The Legislature commenced this provision by the word “Notwithstanding”: an adverb, whose connotation has been expounded thus: The word or expression “Notwithstanding” is a term of exclusion in legal drafting; it simply means “in spite of or irrespective of or regardless of”, see N.N.P.C. v. Lutin Invest. Ltd (2006) 2 NWLR (Pt. 965) 506 at 529. In N.D.I.C. v. Okem Ent. Ltd. (2004) LPELR-1999 (SC), @ P.55, Uwaifo, JSC, defined the word or term.

‘Notwithstanding’ while interpreting the provision of Section 251 of the Constitution, thus:

“As has been observed, Section 251(1) of the 1999 Constitution begins with “Notwithstanding anything to the contrary contained in this Constitution” while Section 272(1) of the 1999 Constitution is specifically made “subject to the provisions of Section 251.” When the term “notwithstanding” is used in a section of a statute, it is meant to exclude an impinging or impeding effect of any other provision of the statute or other subordinate legislation so that the said section may fulfill itself. It follows that, as used in Section 251(1) of the 1999 Constitution, no provision of that Constitution shall be capable of undermining the said Section.”

See also NNPC vs. Orhiowasele & Ors (2013) LPELR-24710 (SC); Obi vs. INEC (2007) LPELR-24347 (SC); Saraki vs Federal Republic of Nigeria (2016) LPELR-40013 (SC). These authorities signify that other provisions of the Electoral Act or rules of any political party must bow to the superiority of the provision in respect of complaint by an aspirant emanating from the conduct of primary election. In other words, an aspirant who is incensed with the conduct of a primary election has an unimpeded access to a Court of law to ventilate his grouse without the necessity of first going through the dispute resolution procedures of his political party. Galadima, JSC, has clearly stated the law while interpreting the provision of Section 87 (9) of the Electoral Act, 2010, which is in pari materia with the provision of Section 84 (14) of the Electoral Act, 2022, in the case of Gassol v. Tutare (2013) LPELR-20232 (SC), where, at page 25 of the E-Report, the learned Law lord declared:

“Having found that the provision of Section 87(9) of the Electoral Act (supra) is clear and unambiguous this Court has the duty to give it literal interpretation. Having expressly listed the Courts with the jurisdiction respecting pre-electoral matters, therefore, there cannot be any legally constituted body either by a political party or subject to the fulfillment of any conditions before the matter may be instituted before the Federal High Court.”

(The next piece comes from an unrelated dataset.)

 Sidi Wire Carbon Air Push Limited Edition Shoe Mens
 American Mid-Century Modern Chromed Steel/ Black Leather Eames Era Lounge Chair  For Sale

​This pronouncement of the apex Court clearly banishes the internal dispute resolution mechanism, donated to the aggrieved members of the 2nd Respondent, which the 1st, 2nd, 4th and 5th Respondents erected as a clog to the jurisdiction of the lower Court to entertain the Appellant’s action. This authority solidifies and entrenched an aspirant’s unfettered right of access to Courts to ventilate grievances arising from primary election, a right which does not inure to other members of a political party who do not attain the status of “aspirant”…” Per SIRAJO, J.C.A.